Minnier Jessica, Tian Lu, Cai Tianxi
Ph.D. candidate, Department of Biostatistics, Harvard School of Public Health, Boston, MA 02115.
J Am Stat Assoc. 2011 Jan 1;106(496):1371-1382. doi: 10.1198/jasa.2011.tm10382. Epub 2012 Jan 24.
Analysis of high dimensional data often seeks to identify a subset of important features and assess their effects on the outcome. Traditional statistical inference procedures based on standard regression methods often fail in the presence of high-dimensional features. In recent years, regularization methods have emerged as promising tools for analyzing high dimensional data. These methods simultaneously select important features and provide stable estimation of their effects. Adaptive LASSO and SCAD for instance, give consistent and asymptotically normal estimates with oracle properties. However, in finite samples, it remains difficult to obtain interval estimators for the regression parameters. In this paper, we propose perturbation resampling based procedures to approximate the distribution of a general class of penalized parameter estimates. Our proposal, justified by asymptotic theory, provides a simple way to estimate the covariance matrix and confidence regions. Through finite sample simulations, we verify the ability of this method to give accurate inference and compare it to other widely used standard deviation and confidence interval estimates. We also illustrate our proposals with a data set used to study the association of HIV drug resistance and a large number of genetic mutations.

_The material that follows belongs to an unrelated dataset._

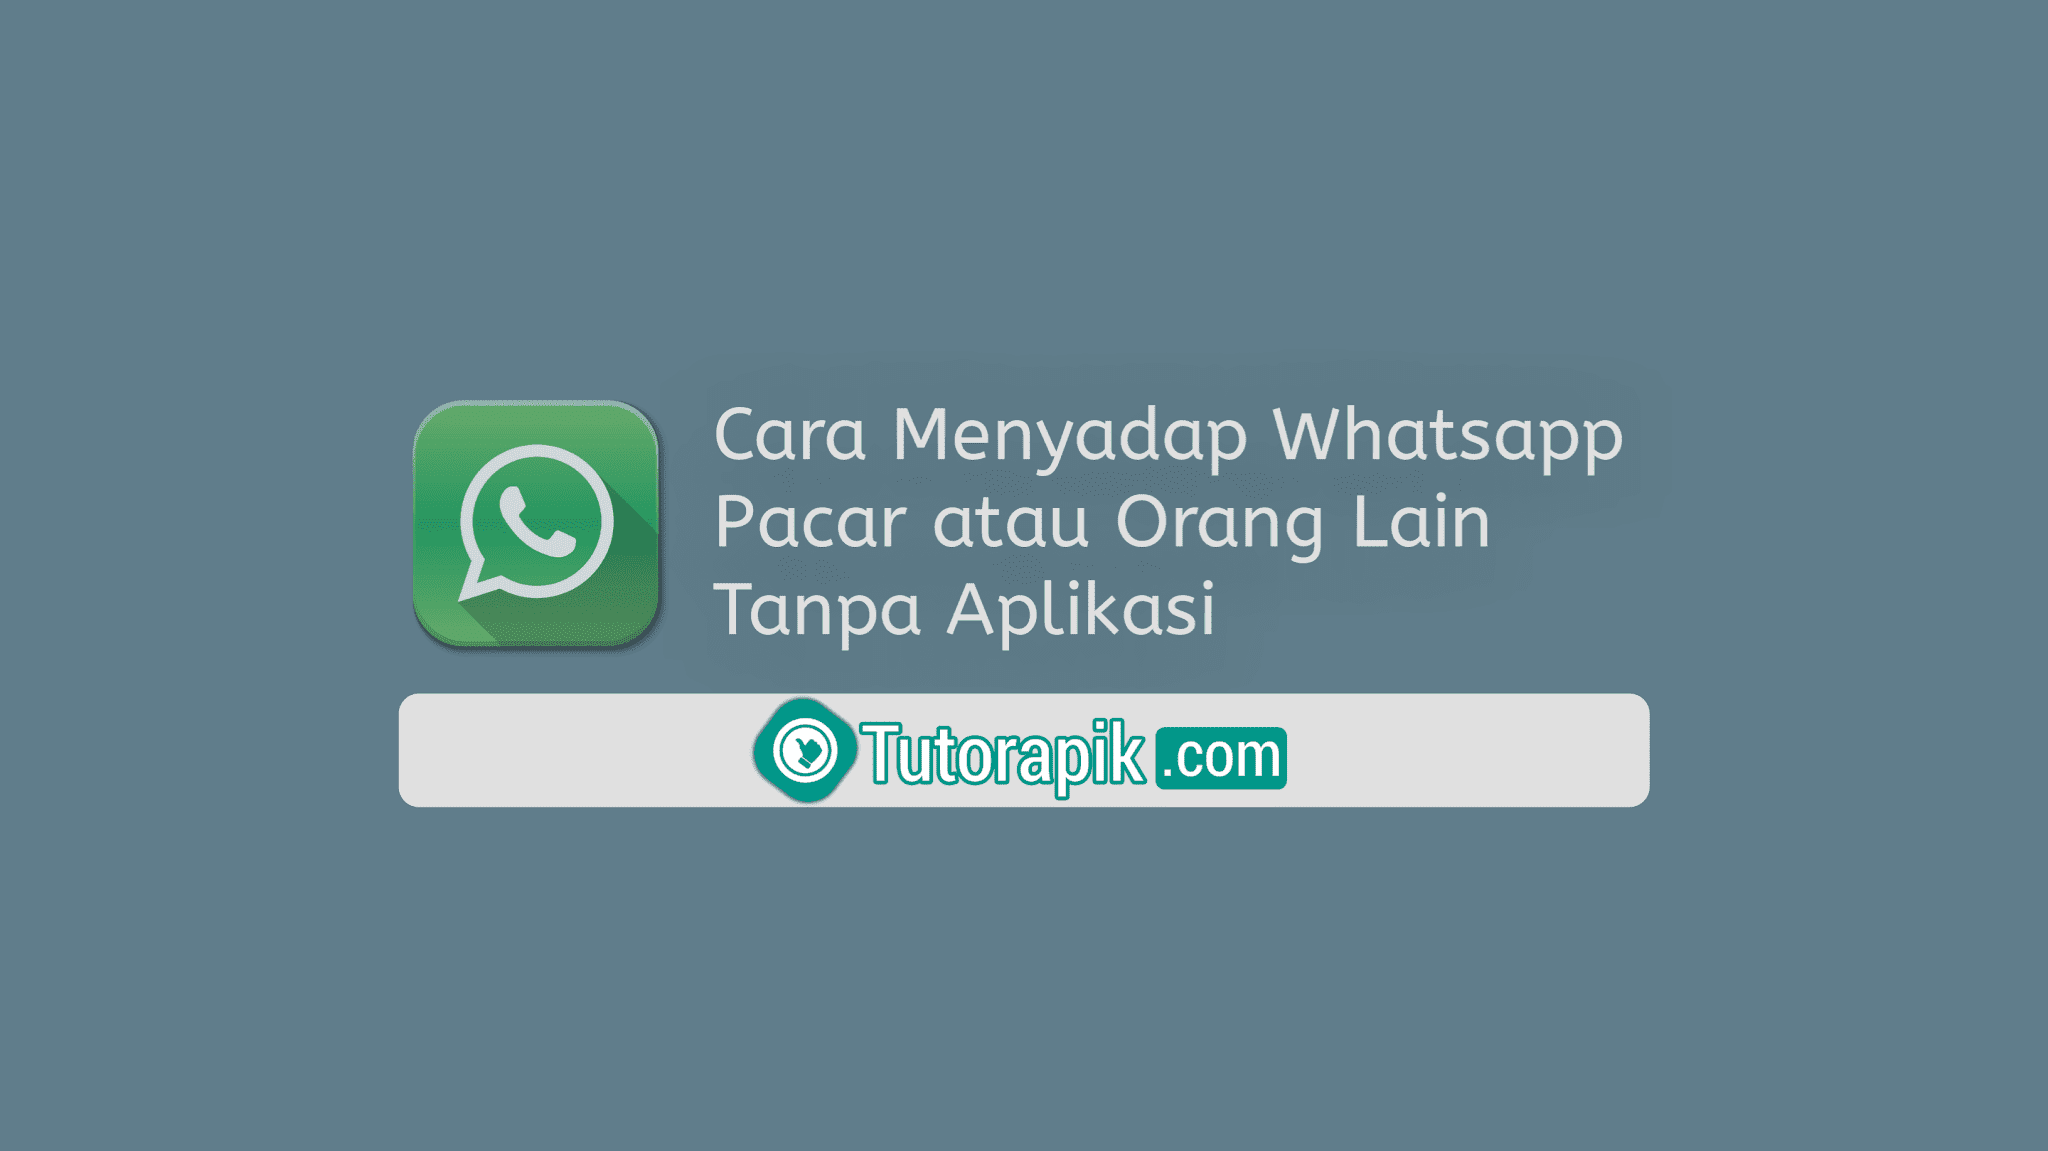 Cara Menyadap WhatsApp Pacar atau Orang Lain Tanpa Aplikasi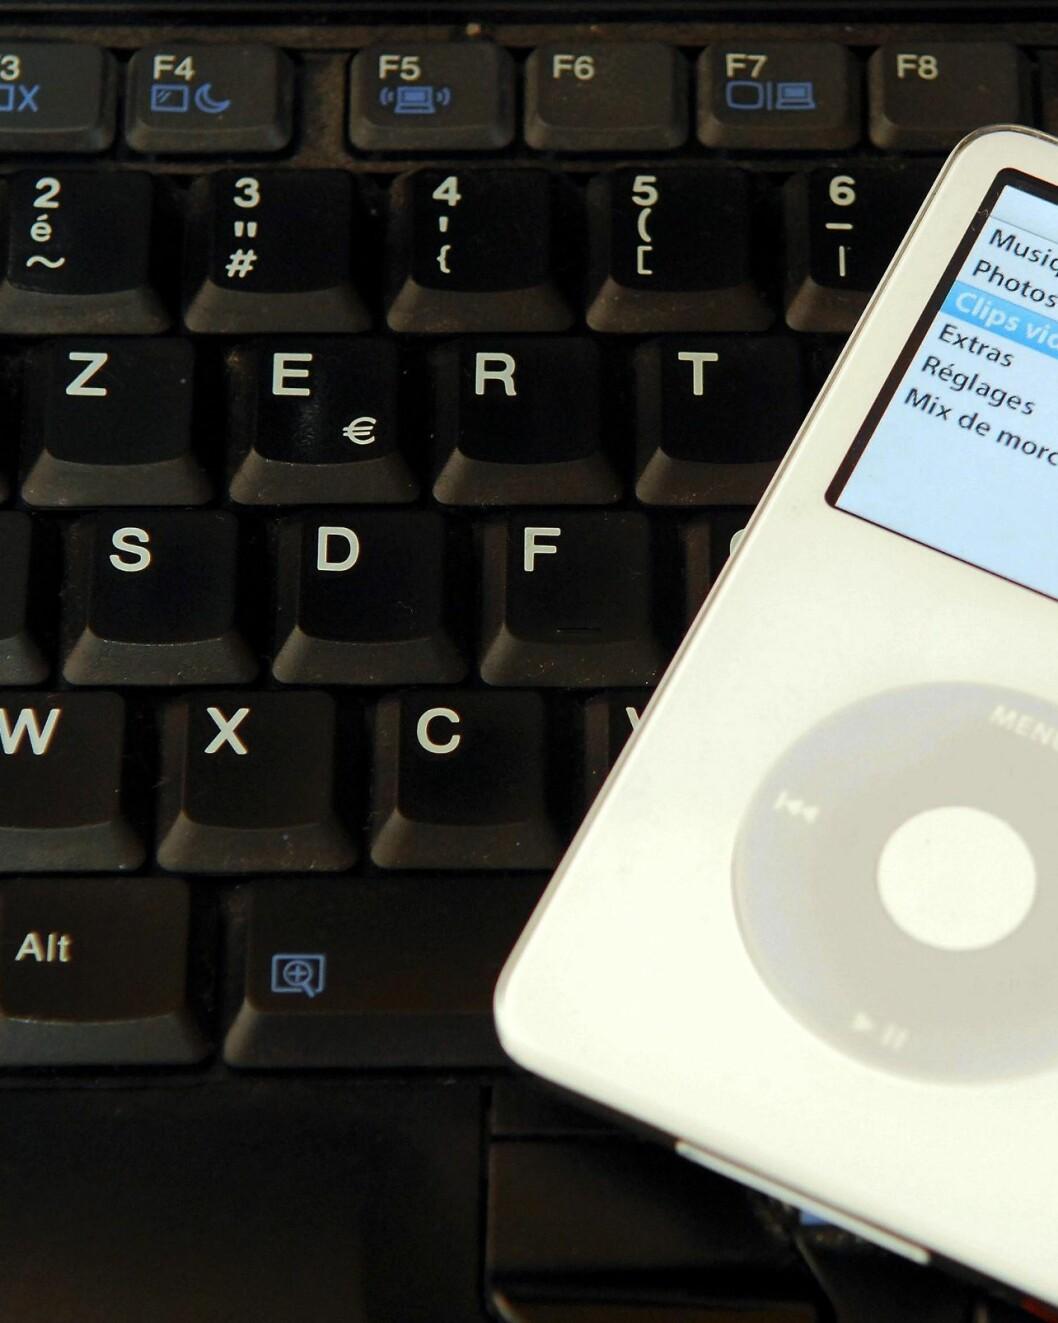 Sjekk ut prisene før du antar at elektronikken er billigere utenfor Norges grenser. Foto: Colourbox.com

对高维数据的分析通常旨在识别重要特征的子集,并评估它们对结果的影响。基于标准回归方法的传统统计推断程序在存在高维特征时往往会失效。近年来,正则化方法已成为分析高维数据的有前途的工具。这些方法同时选择重要特征并对其影响提供稳定的估计。例如,自适应LASSO和SCAD给出了具有神谕性质的一致且渐近正态的估计。然而,在有限样本中,仍然难以获得回归参数的区间估计。在本文中,我们提出基于扰动重采样的程序来近似一类一般惩罚参数估计的分布。我们的提议由渐近理论证明是合理的,它提供了一种估计协方差矩阵和置信区域的简单方法。通过有限样本模拟,我们验证了该方法进行准确推断的能力,并将其与其他广泛使用的标准差和置信区间估计进行比较。我们还用一个用于研究HIV耐药性与大量基因突变关联的数据集来说明我们的提议。